Member of the Arkansas Senate from Pulaski County
- In office 1869–1871

Personal details
- Born: June 30, 1826 Cherry Creek, New York, U.S
- Died: July 18, 1915 (aged 89) Mora County, New Mexico, U.S
- Party: Republican
- Alma mater: State University of New York at Fredonia
- Profession: Farmer, merchant, politician, rancher

= Ozra Amander Hadley =

American politician (1826–1915)

Ozra (or Ozro) Amander Hadley (June 30, 1826 - July 18, 1915) was an American politician who served as the acting governor of Arkansas from 1871 to 1873. He also served in the Arkansas Senate. A Republican, he was from New York and became a farmer in Minnesota. He also served in local government before moving to Arkansas and opening a general store. After his political career he served in the U.S. Land Office in Little Rock and as a postmaster.

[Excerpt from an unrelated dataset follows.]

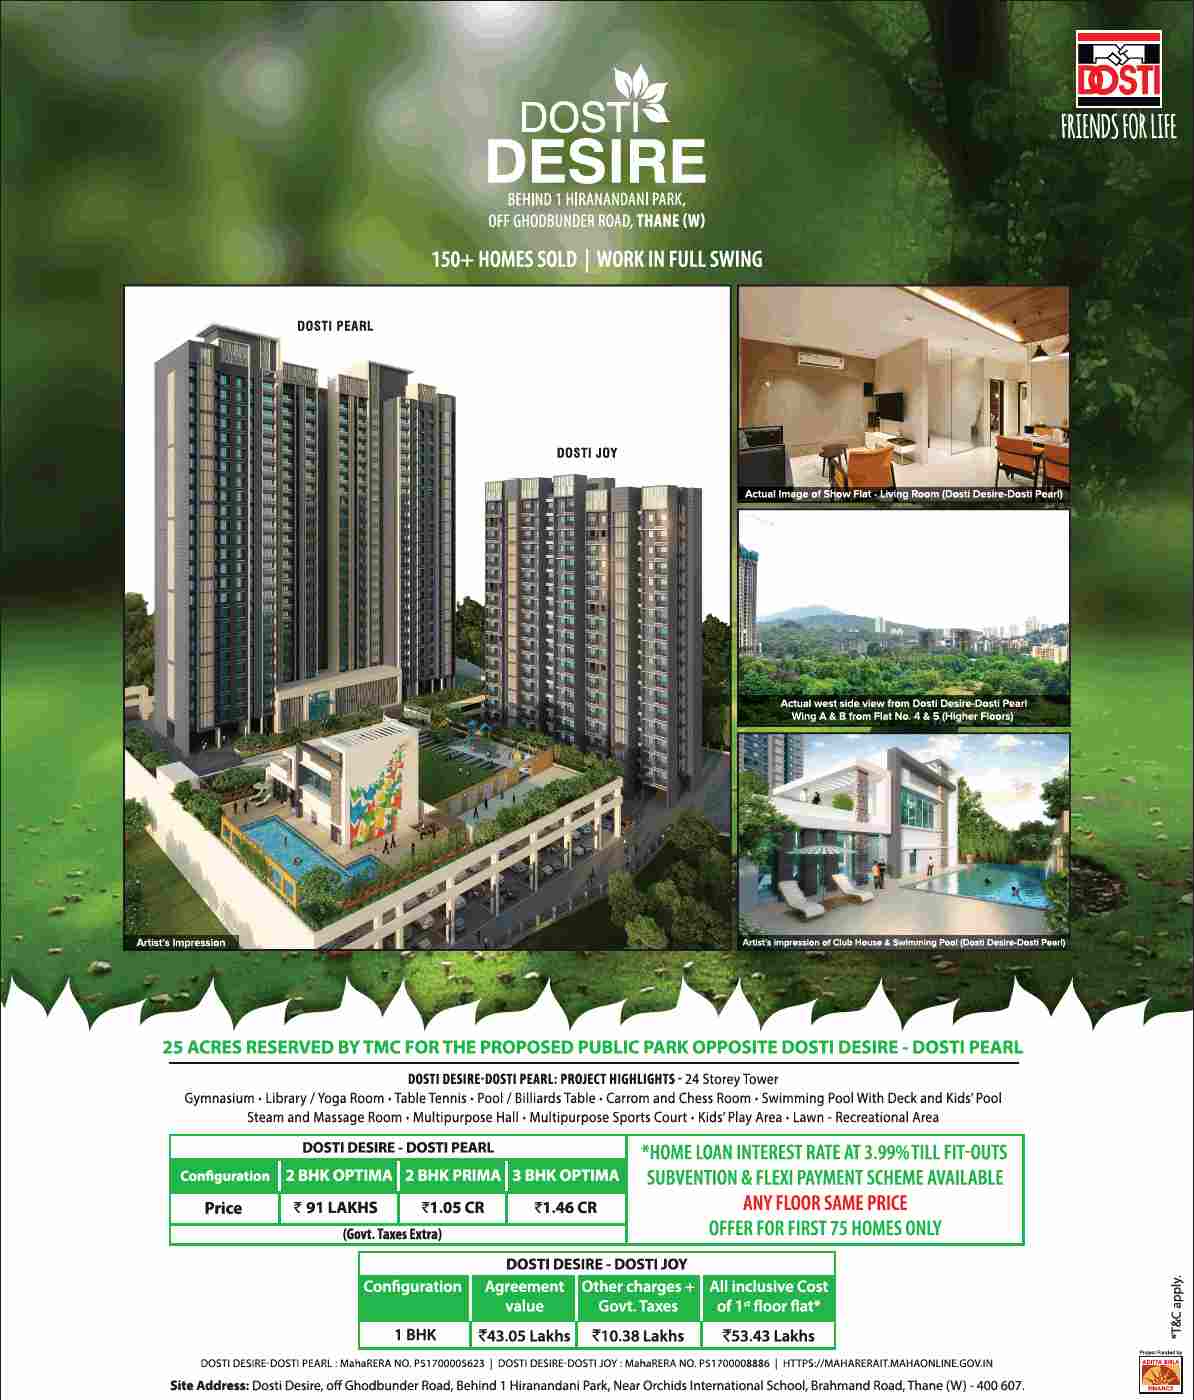 Experience world class amenities at Dosti Desire in Mumbai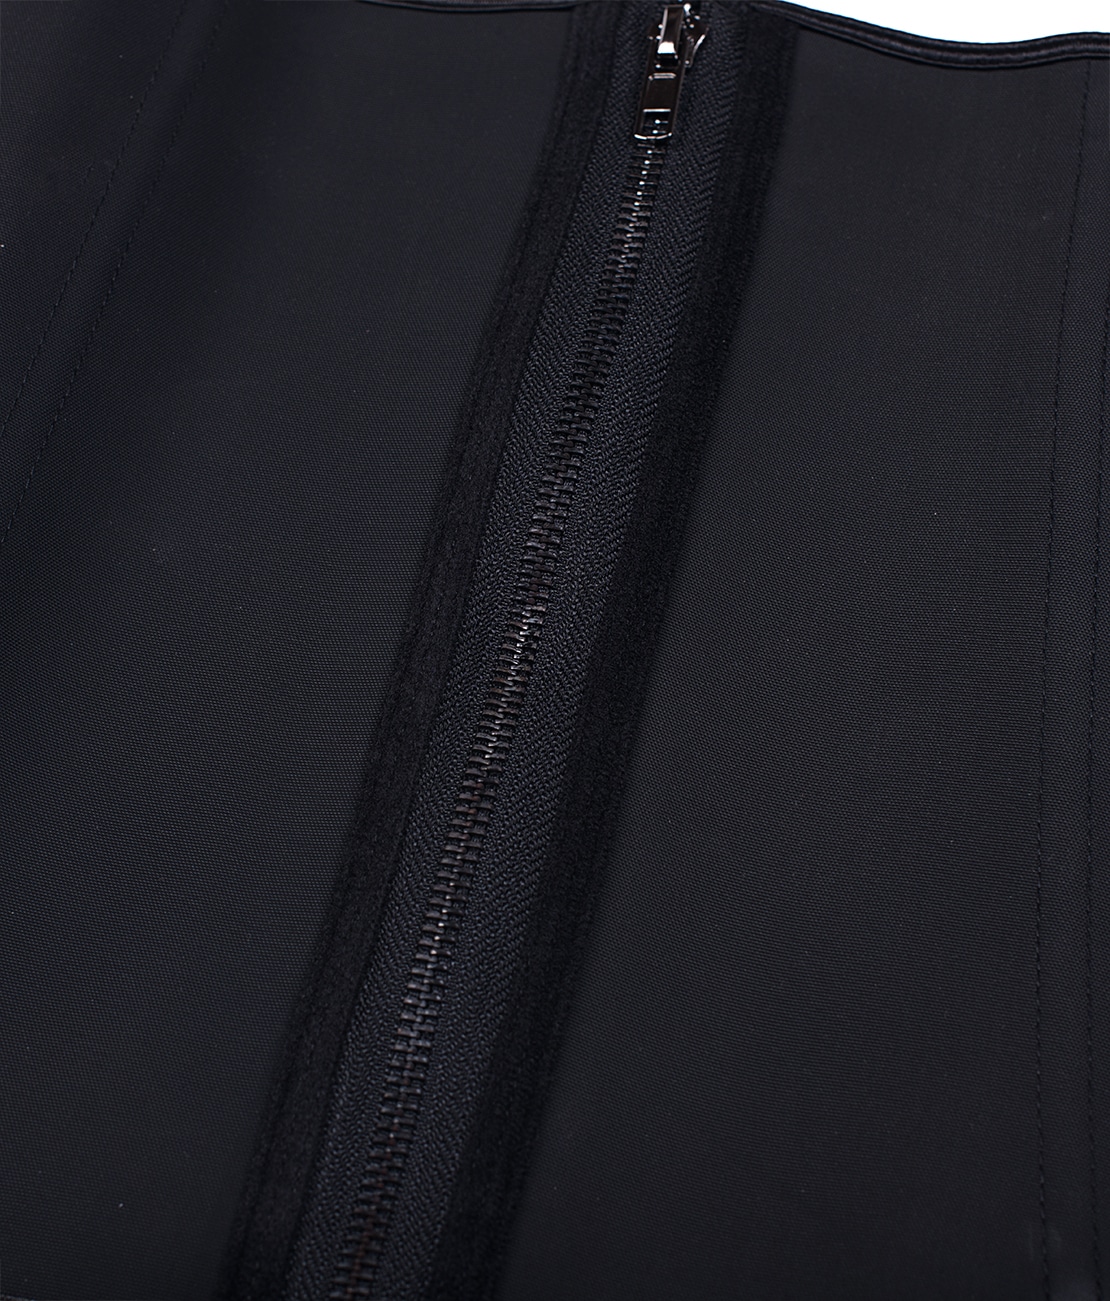 Gaine Femme Noir Packshot Detail 2

==Early life and education==
Hadley was born in Cherry Creek, New York, and was educated in the public schools. He attended Fredonia Academy, now State University of New York at Fredonia. Hadley moved to Rochester, Minnesota in 1855, where he was a farmer and became active in local politics and government, including appointment as Olmsted County Auditor. In 1865, he moved to Little Rock, Arkansas, where he opened a general store.

==Political career==
Hadley was elected as a Republican to serve in the Arkansas Senate from 1869 to 1871; he was elected president of the Senate in 1871. In 1871, as part of a political compromise (see: Brooks-Baxter War), Hadley was appointed acting governor after the resignation of his fellow Republican, Powell Clayton, a controversial figure associated with the Brooks-Baxter War. During his two-year term, Hadley sided with the Radical Republicans during the Reconstruction Era, including efforts to assist former slaves to obtain schooling, own land, vote, and hold office.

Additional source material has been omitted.